Typical traffic flow:
Internet
↓
Reverse Proxy / Ingress
↓
Kubernetes Services
↓
Pods / Microservices
Storage
Persistent workloads use mounted storage volumes for:
- Databases
- User uploads
- Media
- Vector indexes
- Application data
- Logs
Assets such as videos, game files, and uploaded media are stored externally on Amazon S3.
Databases
The stack currently uses multiple storage layers depending on workload type.
PostgreSQL
Primary relational database used for:
- User accounts
- App data
- Content systems
- Metadata
- Authentication
Redis
Used for:
- Caching
- Queues
- Session storage
- Temporary state
- High-speed lookups
Vector Storage
Vector search infrastructure is used for retrieval systems and AI workflows involving:
- Theology datasets
- Semantic search
- AI memory systems
- Embeddings
- Knowledge retrieval
AI Infrastructure
AI services are a major part of the architecture.
Current AI Workloads
The infrastructure supports:
- Local LLM inference
- AI agents
- Embedding pipelines
- Retrieval systems
- Tool-using agents
- Conversational systems
- Bible-focused AI tools
Bible Logic
One of the core systems connected to the infrastructure is Bible Logic, an AI assistant integrated into my Bible platform.
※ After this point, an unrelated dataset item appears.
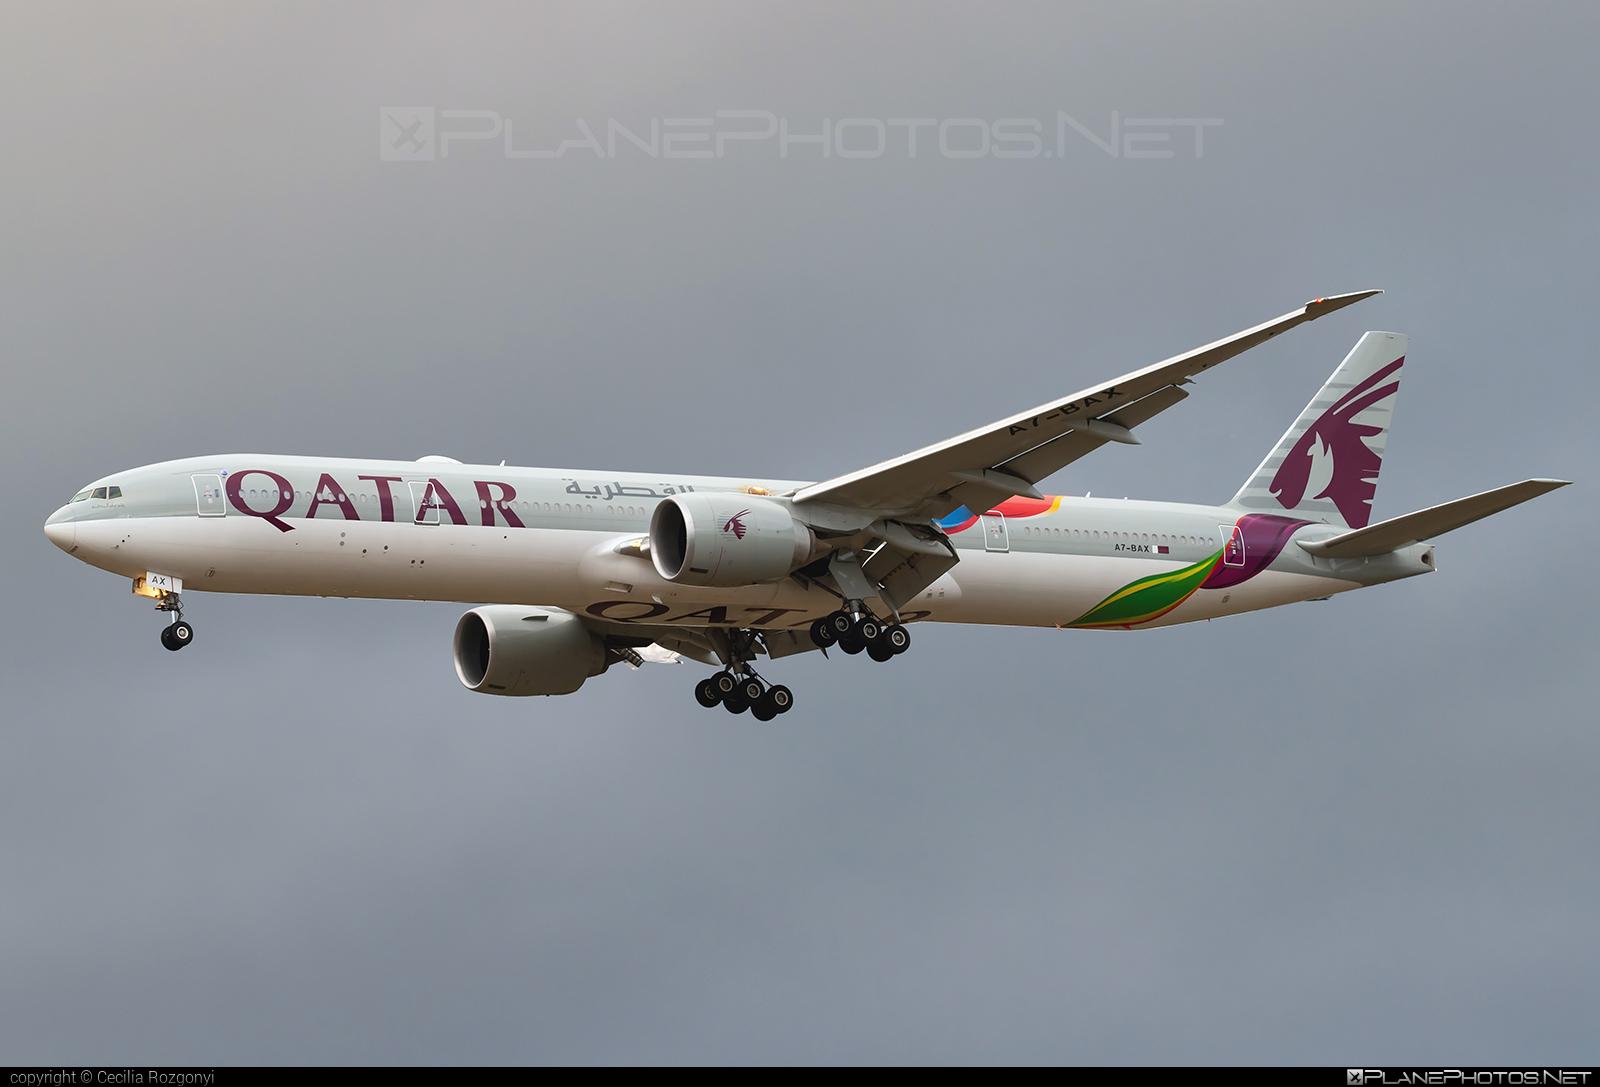 Boeing 777-300ER - A7-BAX operated by Qatar Airways #b777 #b777er #boeing #boeing777 #qatarairways #tripleseven
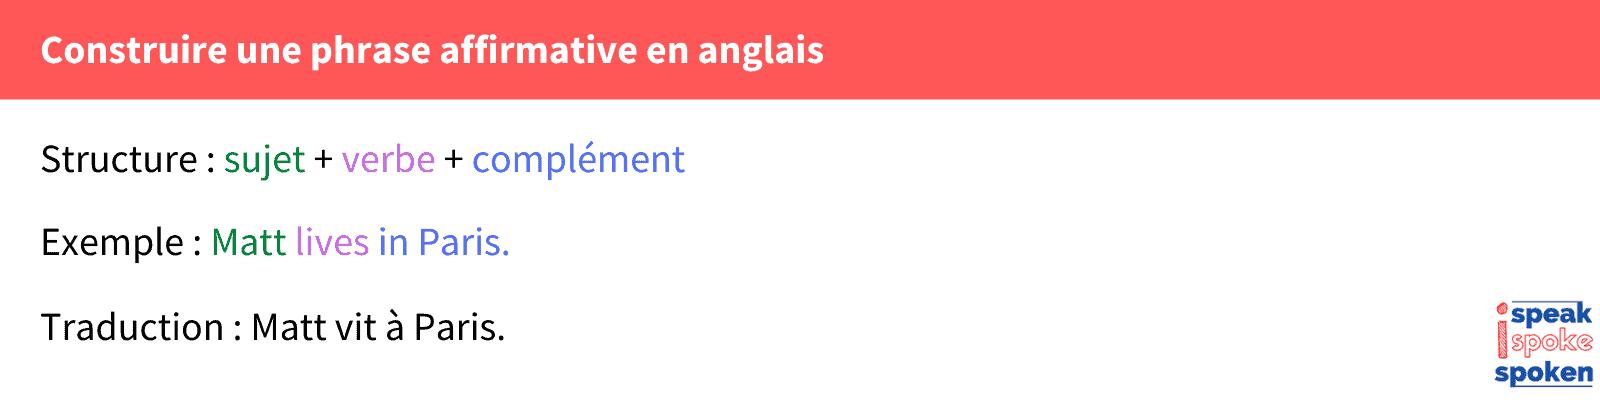 syntaxe phrase affirmative anglais

The broader goal is building infrastructure capable of supporting persistent AI systems with memory, retrieval, tools, and orchestration.
CI/CD
Source control and deployment pipelines are self-hosted.
Gitea
Gitea is used for:
- Git repositories
- Source management
- Internal development
- Deployment workflows
CI Runners
CI runners automate:
- Builds
- Deployments
- Container publishing
- Infrastructure updates
- Kubernetes rollouts
This allows code pushed to repositories to automatically deploy into the cluster.
Application Hosting
The cluster hosts multiple types of applications including:
- APIs
- Web frontends
- AI services
- Streaming services
- Internal dashboards
- Background workers
- Experimental tooling
Applications are containerized and deployed through Kubernetes manifests and automated pipelines.
Goals of the Architecture
The main goals of the homelab are:
- Learn production infrastructure
- Build scalable systems
- Self-host applications
- Develop AI tooling
- Practice DevOps workflows
- Experiment with distributed systems
- Create a flexible R&D environment
Future Expansion
Planned improvements include:
- More cluster nodes
- GPU integration into Kubernetes
- Improved observability
- Dedicated storage systems
- High availability services
- Expanded AI orchestration
- More automation
- Edge AI workloads
- Multi-cluster experimentation
Conclusion
This homelab has become more than just a place to host applications — it functions as an active research and engineering environment where I can develop real-world skills across infrastructure, AI engineering, Kubernetes, distributed systems, and backend development.
By combining self-hosted services, GPU-powered AI workloads, and automated deployment pipelines into a unified rack setup, the cluster gives me the flexibility to rapidly prototype ideas while learning how modern production systems are designed and operated at scale.